3x to 5x slower than C is the same result I had with other micro-benchmarks
like this, but who cares? I don't think this could be generalized for
larger applications, because typically there are only a few hotspots, which
could be implemented in C and called by Lisp and for the rest of the
program it is more important to have the flexibility Lisp provides, to make
it easier for developers to write and maintain programs. And with
incremental GCs, like modern Lisp implementations provide, there is no
significant timeout e.g. when using Lisp for games.

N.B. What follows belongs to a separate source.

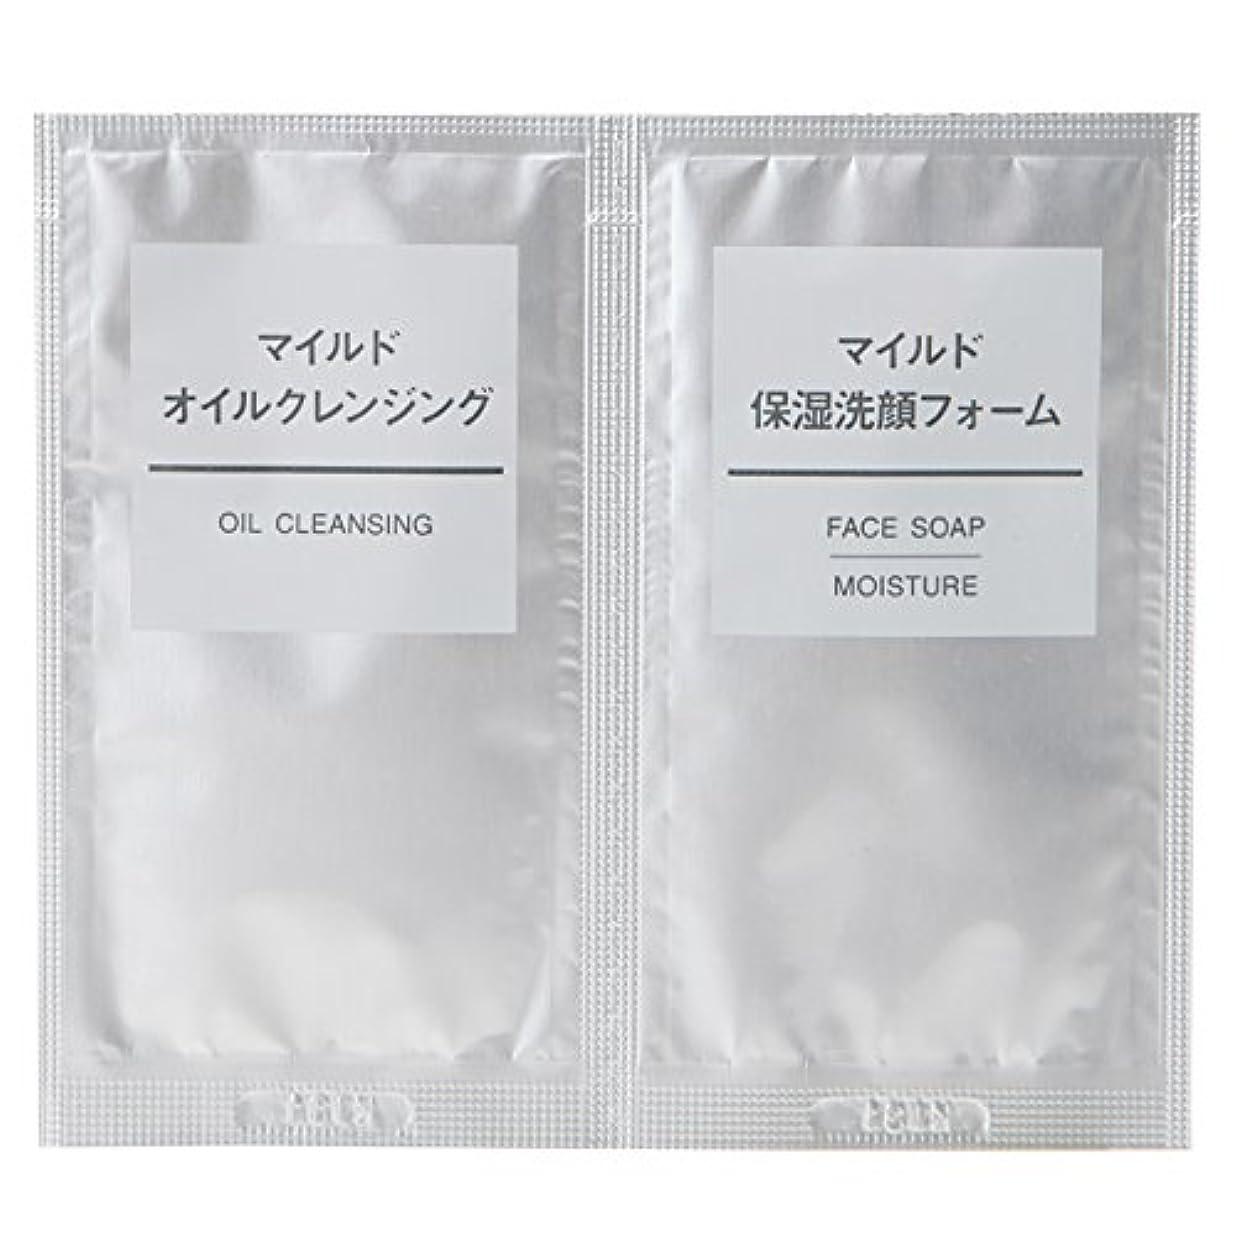 どきどき補償触手無印良品 マイルドオイルクレンジング?マイルド保湿洗顔フォームセット 3ml?3g(1回分)

Some more reasons why a good GC is faster than manual memory managment:
http://www.jwz.org/doc/gc.html

-- 
Frank Buss, ··@frank-buss.de
http://www.frank-buss.de, http://www.it4-systems.de

From: Jon Harrop
Subject: Re: How faster can this be done?
Date: Sun, 20 May 2007 21:01:34 +0000
Message-ID: <4650b887$0$8730$ed2619ec@ptn-nntp-reader02.plus.net>

Frank Buss wrote:
> Some more reasons why a good GC is faster than manual memory managment:
> http://www.jwz.org/doc/gc.html

So you'd recommend the fastest language with GC?

-- 
Dr Jon D Harrop, Flying Frog Consultancy
The F#.NET Journal
http://www.ffconsultancy.com/products/fsharp_journal/?usenet

From: Frank Buss
Subject: Re: How faster can this be done?
Date: Mon, 21 May 2007 19:10:55 +0000
Message-ID: <1rm21v33ywwcq.1wkhllj3dx2o2.dlg@40tude.net>

Jon Harrop wrote:

> Frank Buss wrote:
>> Some more reasons why a good GC is faster than manual memory managment:
>> http://www.jwz.org/doc/gc.html
> 
> So you'd recommend the fastest language with GC?

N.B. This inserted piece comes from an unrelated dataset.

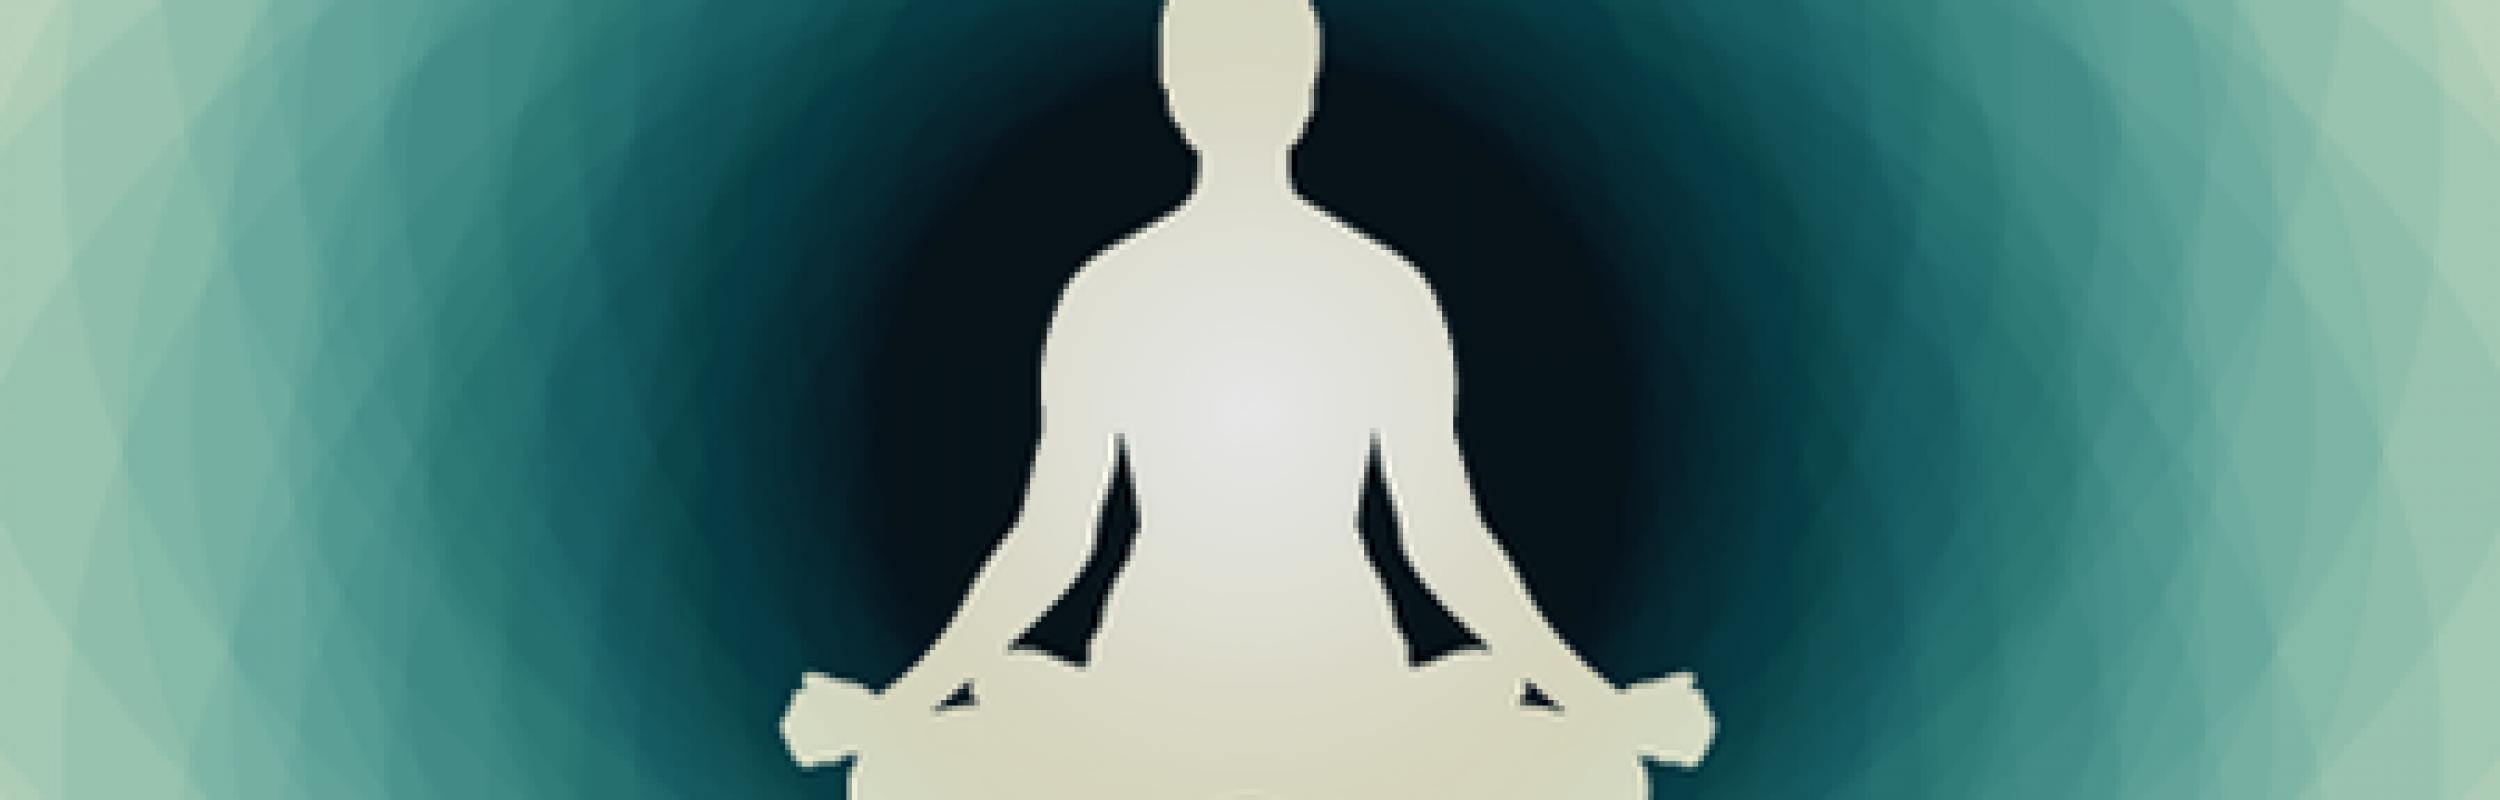 Algunas reflexiones sobre la meditación

This is language independant, because you can use a GC in C++, too. But
Lisp is much easier to use.

-- 
Frank Buss, ··@frank-buss.de
http://www.frank-buss.de, http://www.it4-systems.de

From: Jon Harrop
Subject: Re: How faster can this be done?
Date: Mon, 21 May 2007 20:40:47 +0000
Message-ID: <46520526$0$8743$ed2619ec@ptn-nntp-reader02.plus.net>

Frank Buss wrote:
> This is language independant...

Language design can affect the potential for optimization in the GC, e.g.
see BIBOP.

-- 
Dr Jon D Harrop, Flying Frog Consultancy
The F#.NET Journal
http://www.ffconsultancy.com/products/fsharp_journal/?usenet

From: Kjetil S. Matheussen
Subject: Re: How faster can this be done?
Date: Mon, 21 May 2007 00:34:18 +0000
Message-ID: <Pine.LNX.4.64.0705210230320.9828@ttleush>

On Sun, 20 May 2007, Jon Harrop wrote:

> Juho Snellman wrote:
>> (deftype small-positive-double-float ()
>>   `(double-float 0d0 ,(float most-positive-fixnum 0d0)))
>>
>> (defun pythagorean-triplet ()
>>   (declare (optimize speed (safety 0)))
>>   (loop for c from 2 to 5000
>>         sum (loop for b from 1 below c
>>                   count (let ((a (the small-positive-double-float
>>                                    (sqrt (float (- (* c c) (* b b))
>>                                    0d0)))))
>>                           (= (float (truncate a) 0d0) a)))))
>
> This is the fastest Lisp so far and its run time is faster than everything
> except the macro solution that j.oke hinted at.
>

No. Not correct. As I posted, the stalin version was about 1.5 times 
faster than the C version, and therefore probably also faster than the 
OCaml version. Even better, the stalin version wasn't even optimized, I 
just wrote down the most straigh-forward version, compiled it, and bang, 
1.5 times faster than C.

From: Kjetil S. Matheussen
Subject: Re: How faster can this be done?
Date: Mon, 21 May 2007 02:46:27 +0000
Message-ID: <Pine.LNX.4.64.0705210444010.9828@ttleush>

On Mon, 21 May 2007, Kjetil S. Matheussen wrote:

>
>
> On Sun, 20 May 2007, Jon Harrop wrote:
>
>>  Juho Snellman wrote:
>> >  (deftype small-positive-double-float ()
>> >    `(double-float 0d0 ,(float most-positive-fixnum 0d0)))
>> > 
>> >  (defun pythagorean-triplet ()
>> >    (declare (optimize speed (safety 0)))
>> >    (loop for c from 2 to 5000
>> >          sum (loop for b from 1 below c
>> >                    count (let ((a (the small-positive-double-float
>> >                                     (sqrt (float (- (* c c) (* b b))
>> >                                     0d0)))))
>> >                            (= (float (truncate a) 0d0) a)))))
>>
>>  This is the fastest Lisp so far and its run time is faster than everything
>>  except the macro solution that j.oke hinted at.
>> 
>
> No. Not correct.

%!#$%

I thought the lisp benchmark result in your post was created running the 
version above.

From: Jon Harrop
Subject: Re: How faster can this be done?
Date: Mon, 21 May 2007 11:36:15 +0000
Message-ID: <4651858a$0$8729$ed2619ec@ptn-nntp-reader02.plus.net>

Kjetil S. Matheussen wrote:
> No. Not correct. As I posted, the stalin version was about 1.5 times
> faster than the C version,

Stalin only runs on my 32-bit system so I haven't gotten around to it yet.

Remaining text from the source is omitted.